On 27 January 1960 the Trieste took two men, Lt. Don Walsh US Navy and Jacques Piccard, to a depth of 35,800ft (10,910 meters), the deepest spot in the ocean, in the Mariana Trench near Guam. It took 5 hours to fall 7 miles, and when the explorers reached the bottom they stayed 20 minutes. No one has been able to come near that depth since then. At this depth, the pressure is over 8 tons per square inch (some 1,000atm). In 1963, she went to the Atlantic to search for the lost submarine USS Thresher (SSN-593). In August 1963, Trieste found Thresher`s remains off New England, 1400 fathoms below the surface. The bathyscaphe was retired soon after that, and some of her components were used in the newly constructed Trieste II (DSV-1).

Trieste II
is currently on display at the Keyport Submarine Museum, Washington, USA.
The Trieste II, DSV-1, submersible
In March 1965, with a new float assembly installed the redesignated Trieste II submersible was developed.

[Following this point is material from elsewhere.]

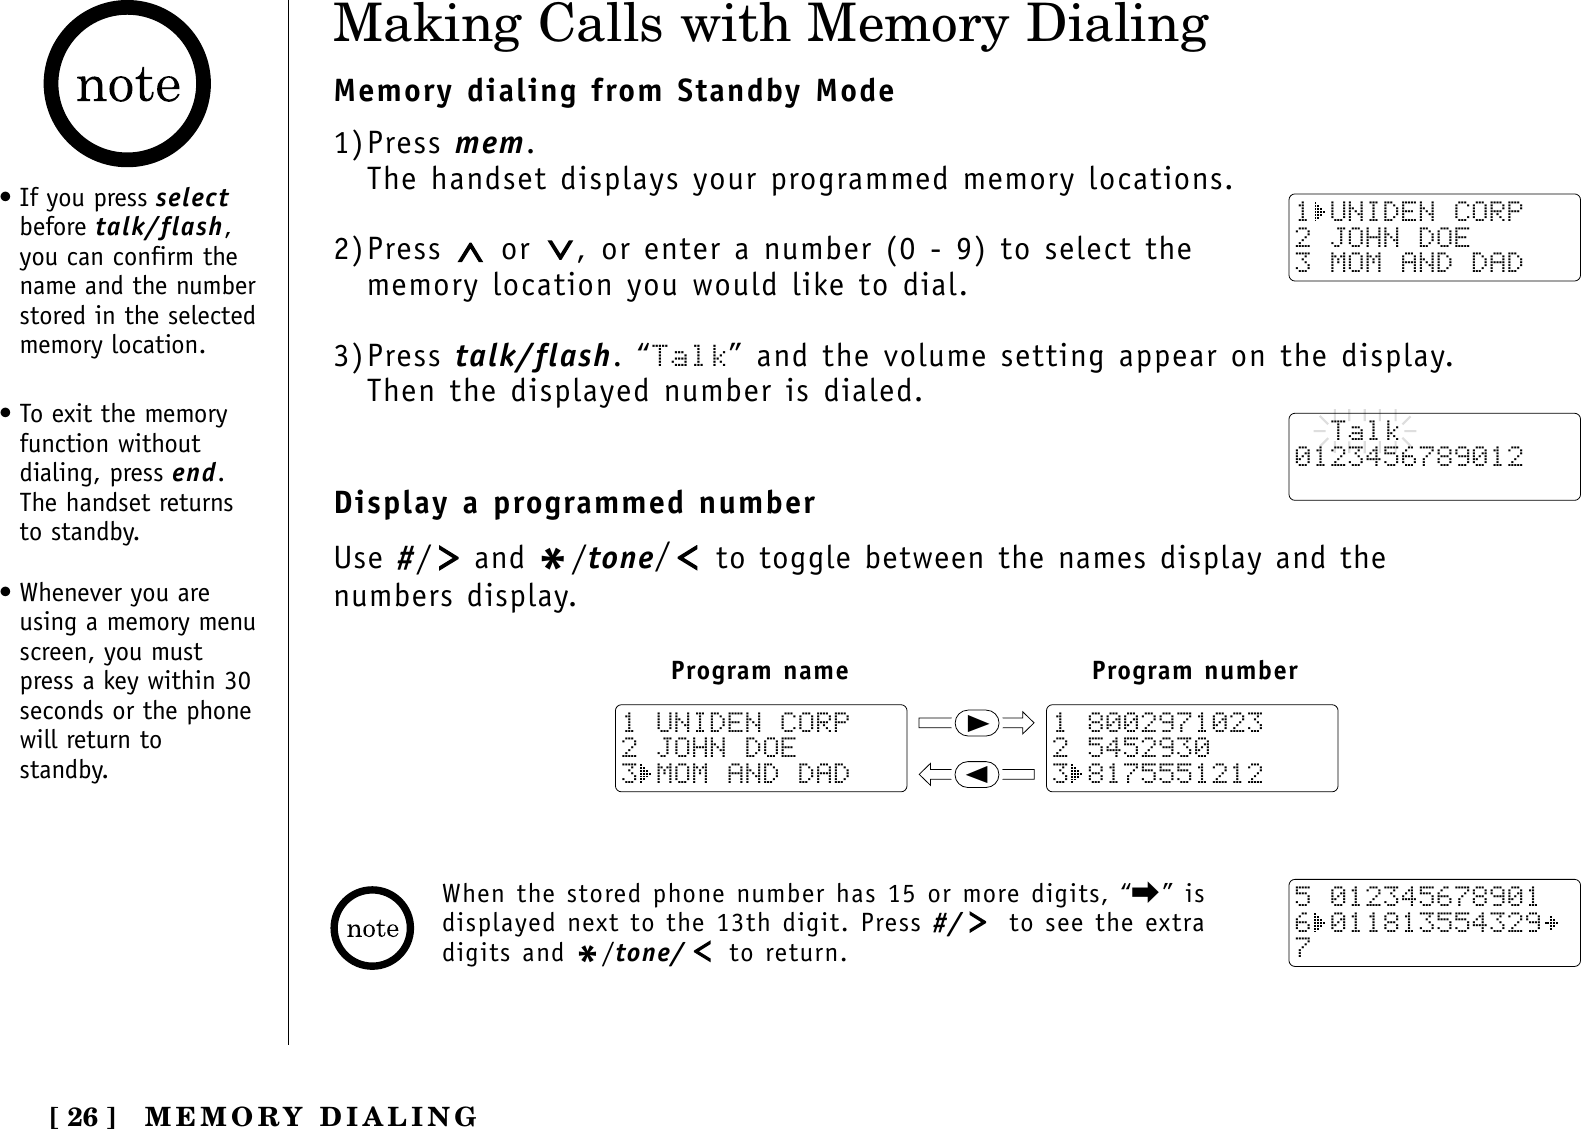 [ 26 ]Making Calls with Memory DialingMemory dialing from Standby Mode1)Press mem.The handset displays your programmed memory locations.2)Press  or  , or enter a number (0 - 9) to select thememory location you would like to dial.3)Press talk/flash. “Talk” and the volume setting appear on the display. Then the displayed number is dialed.Display a programmed numberUse #/and */tone/to toggle between the names display and the numbers display.1 UNIDEN CORP2 JOHN DOE3 MOM AND DAD  Talk0123456789012Program name Program number111 80029710232 54529303 81755512121 UNIDEN CORP2 JOHN DOE3 MOM AND DAD5 0123456789016 0118135543297When the stored phone number has 15 or more digits, “\” isdisplayed next to the 13th digit. Press #/ to see the extradigits and */tone/ to return.• If you press selectbefore talk/flash,you can confirm thename and the numberstored in the selectedmemory location.• To exit the memoryfunction withoutdialing, press end.The handset returnsto standby.• Whenever you areusing a memory menuscreen, you mustpress a key within 30seconds or the phonewill return tostandby.MEMORY DIALING

The new mission specified (in its second form) was testing and evaluating deep submergence concepts, equipment and sensors. After many successful dives, Trieste II submersible was taken into dry-dock and overhauled into yet another configuration. Designated the Trieste II (DSV-1) it was certified to dive to 12,500 feet. The Trieste II has seen many changes and modifications since its overhaul in 1970. Different scientific equipment was added and removed with each individual dive depending the dive mission. Throughout its transforming life, The Trieste submersible was one the most significant deep submergence submersible vehicles ever created both in the eyes of undersea technology and research.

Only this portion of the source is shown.